• WHAT TO PRODUCE
Take the lines below from the one with "Carlos Díaz con" through the one with "صورة علاج الم" and print only them, exactly. Don't print the pictures.

Segment Start: DATA EXTRACTS

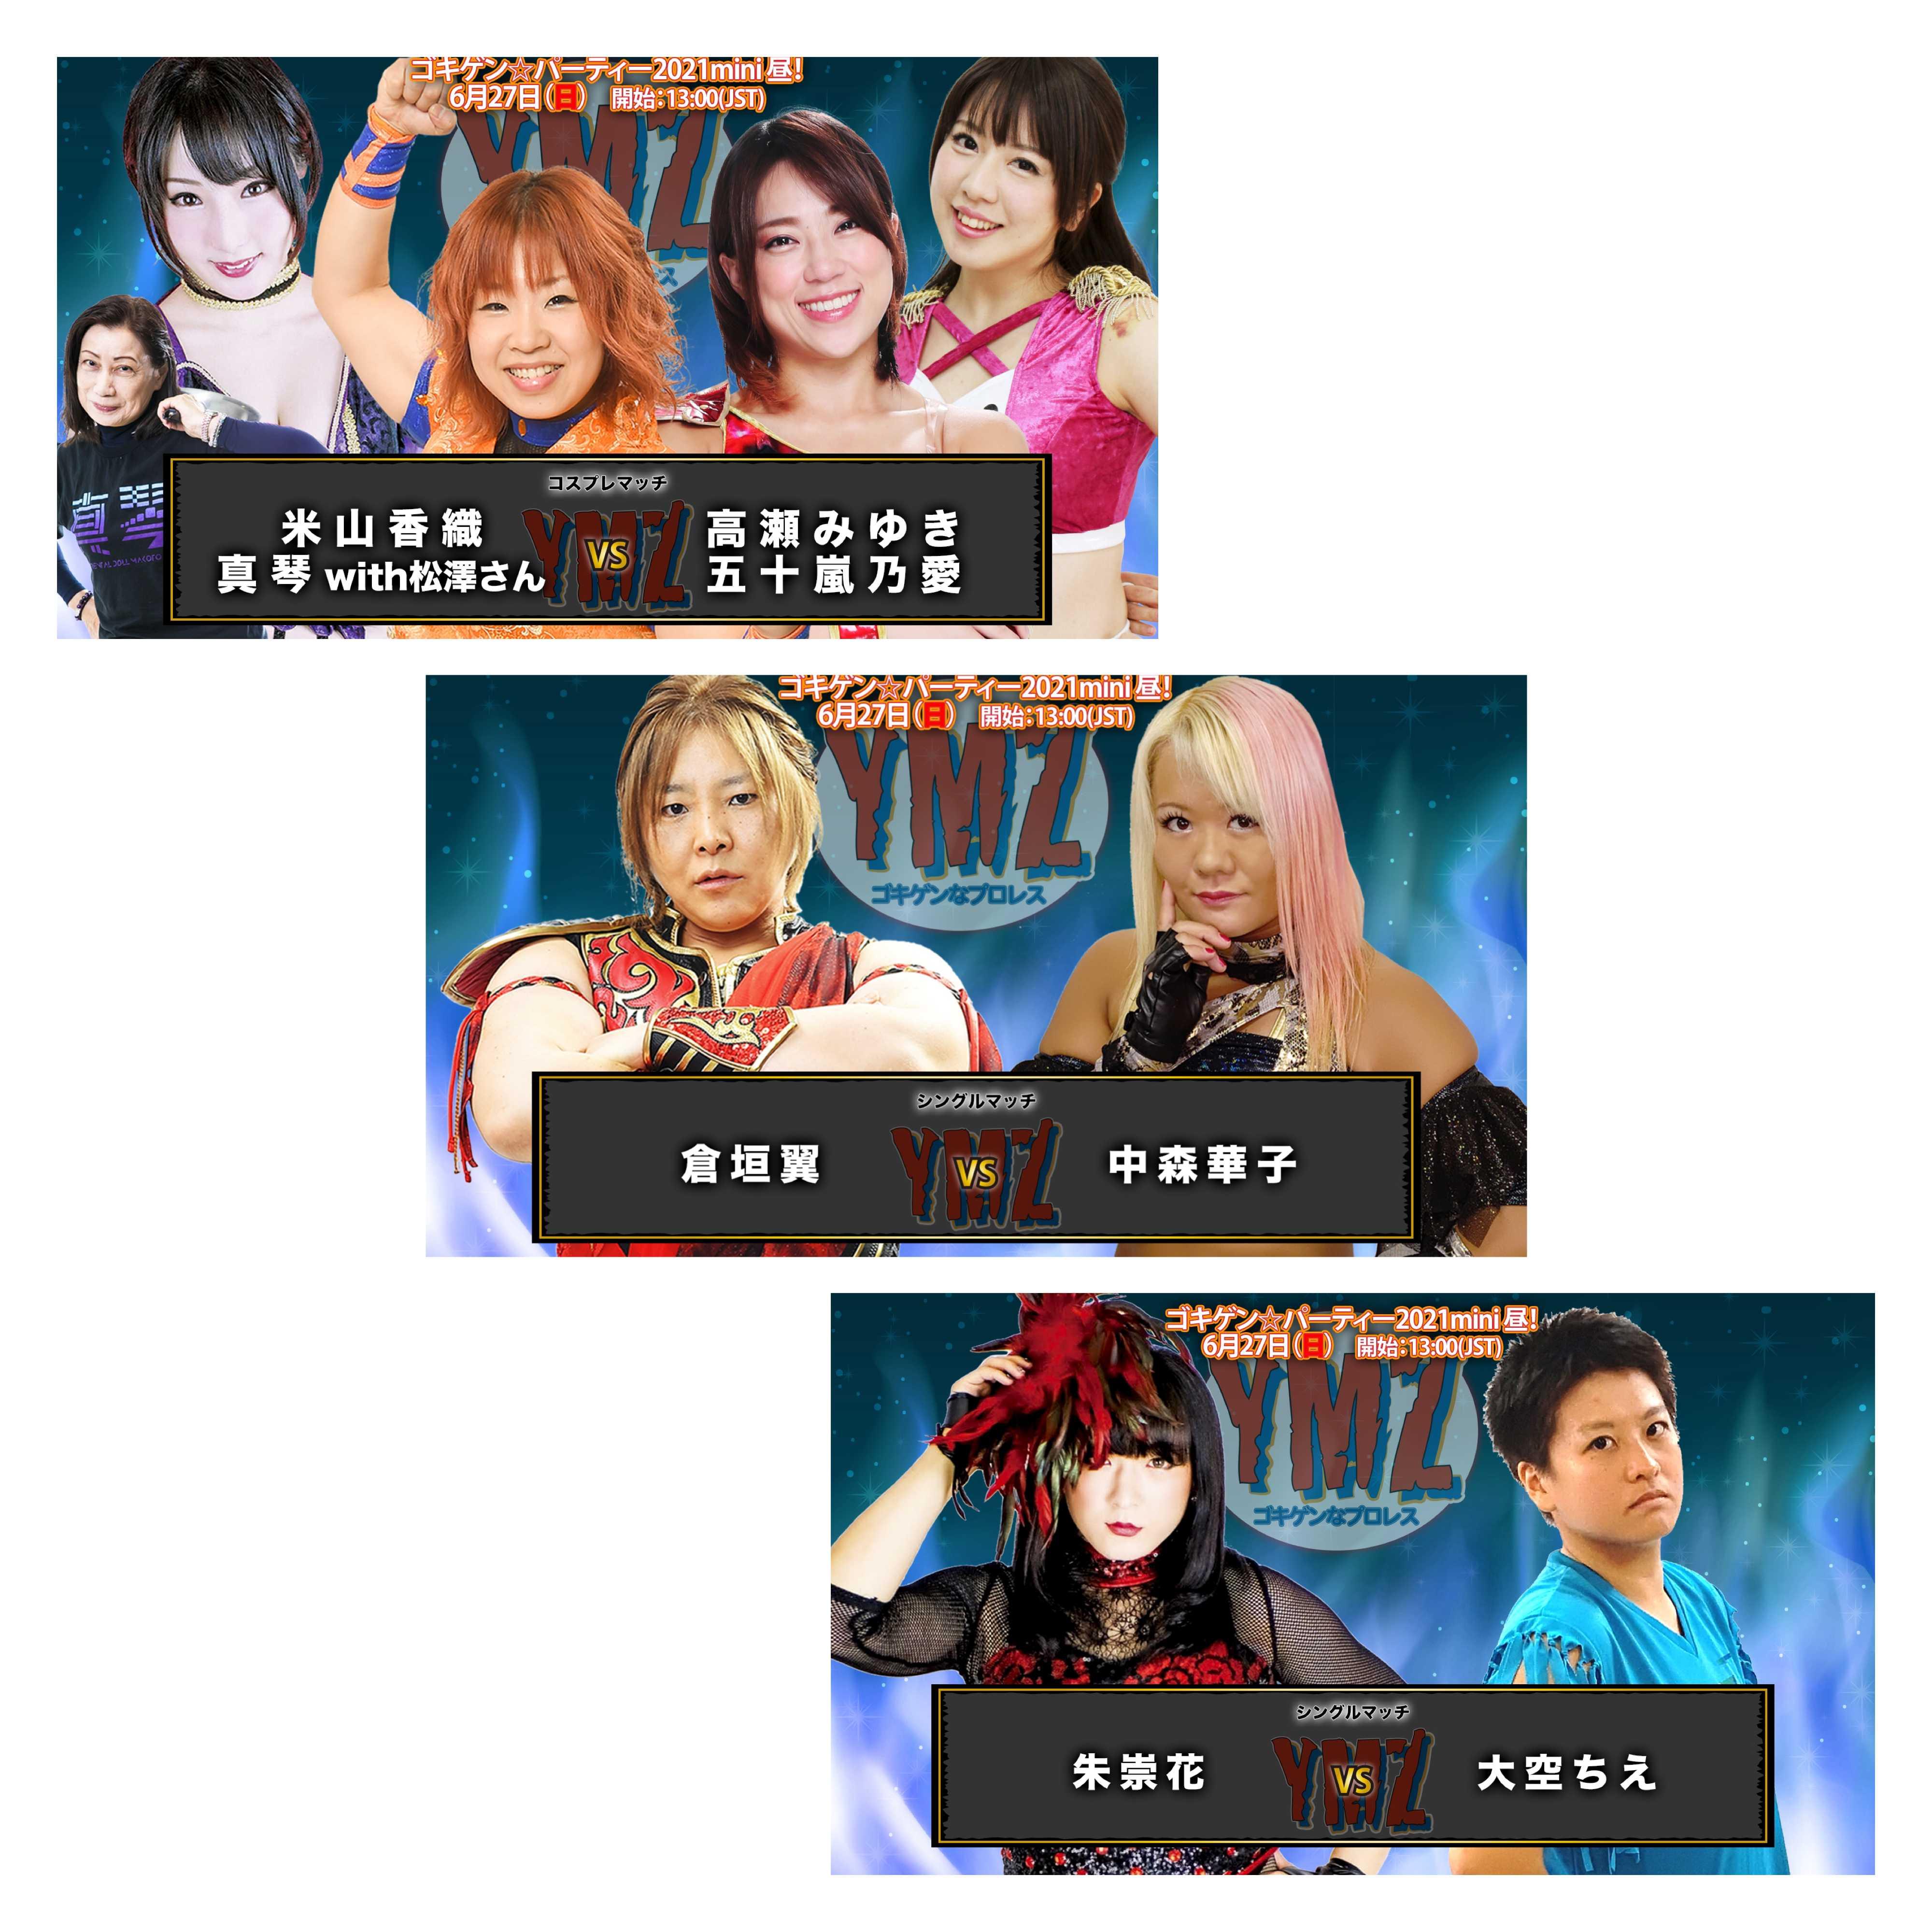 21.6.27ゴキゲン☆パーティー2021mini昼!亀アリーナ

Segment End: DATA EXTRACTS
Segment Start: DATA EXTRACTS

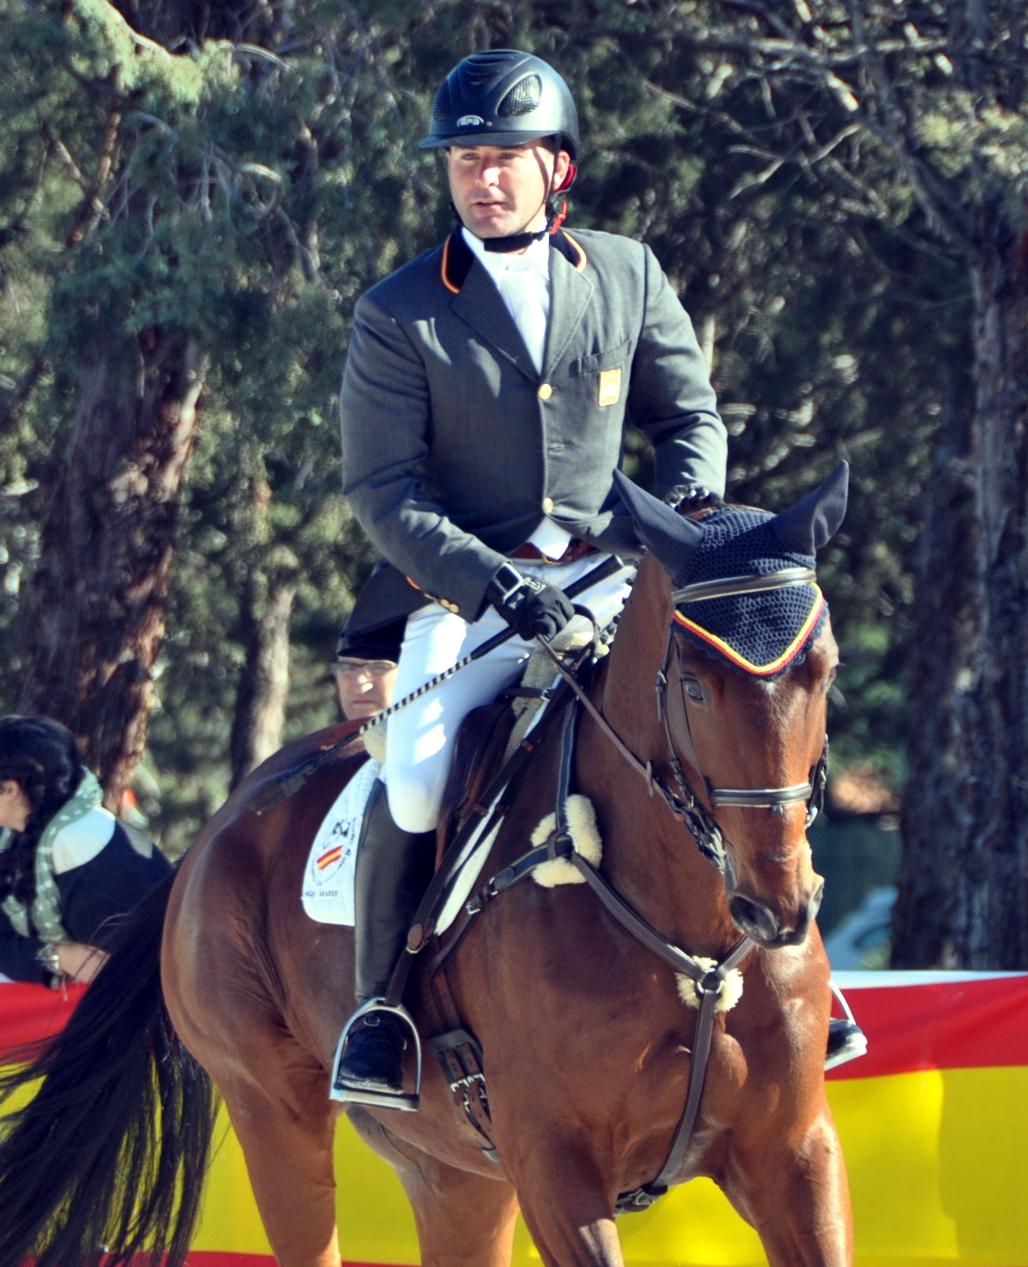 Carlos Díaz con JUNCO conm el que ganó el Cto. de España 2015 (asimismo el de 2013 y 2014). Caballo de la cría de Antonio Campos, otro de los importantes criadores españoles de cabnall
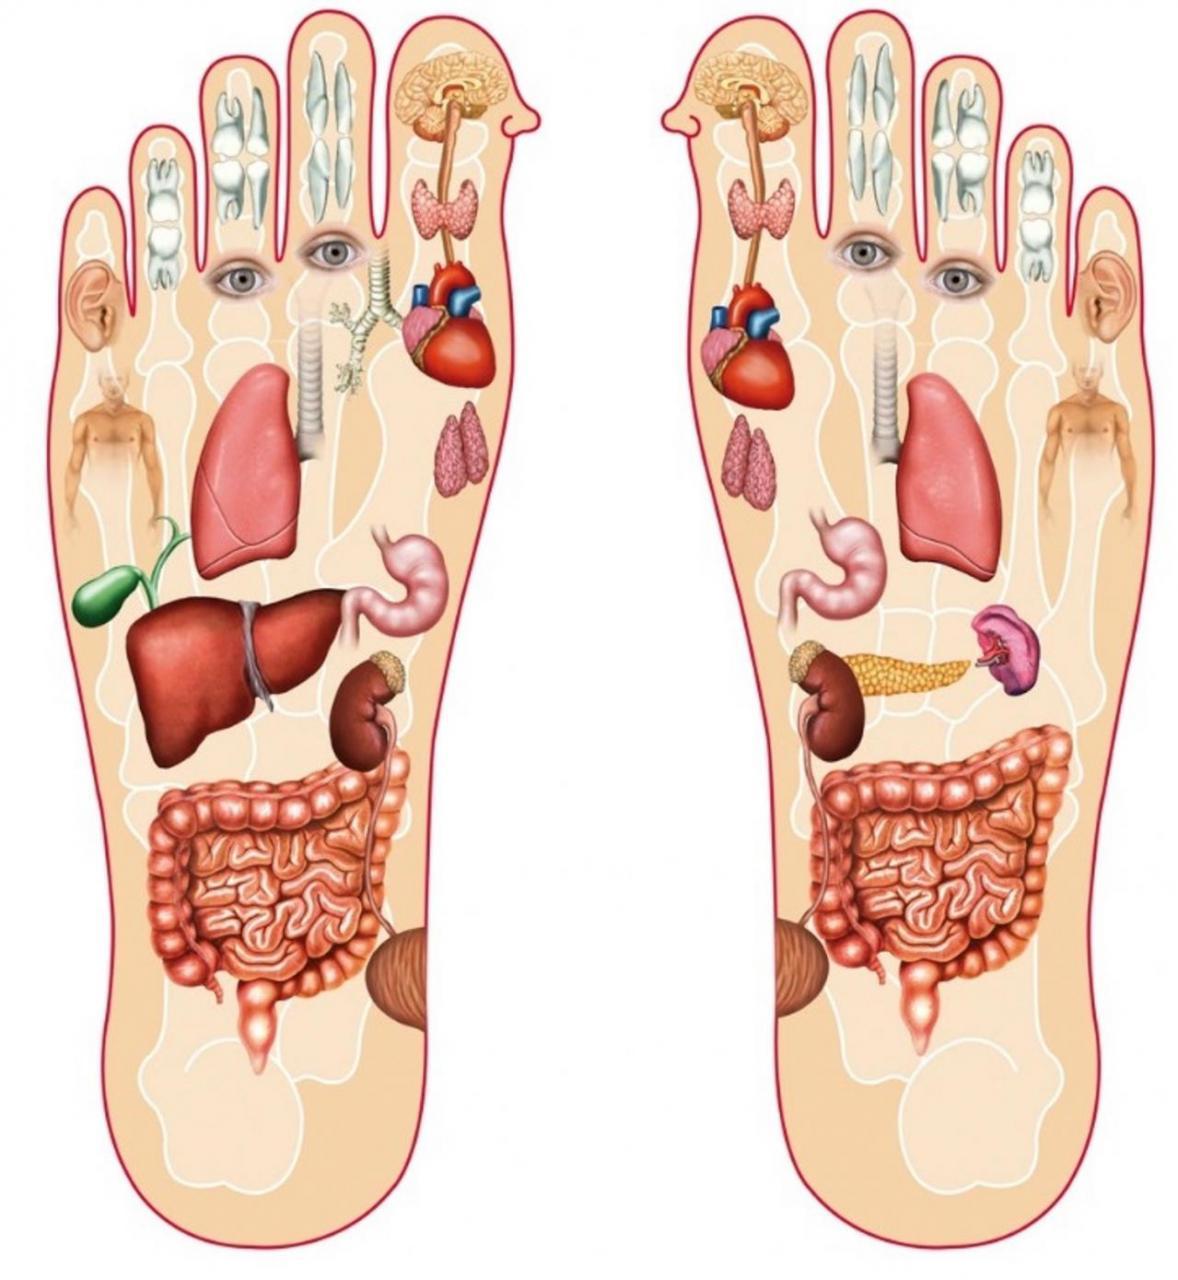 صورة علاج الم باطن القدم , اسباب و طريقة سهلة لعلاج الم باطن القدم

Segment End: DATA EXTRACTS

• ANSWER AREA
 Carlos Díaz con JUNCO conm el que ganó el Cto. de España 2015 (asimismo el de 2013 y 2014). Caballo de la cría de Antonio Campos, otro de los importantes criadores españoles de cabnall
 صورة علاج الم باطن القدم , اسباب و طريقة سهلة لعلاج الم باطن القدم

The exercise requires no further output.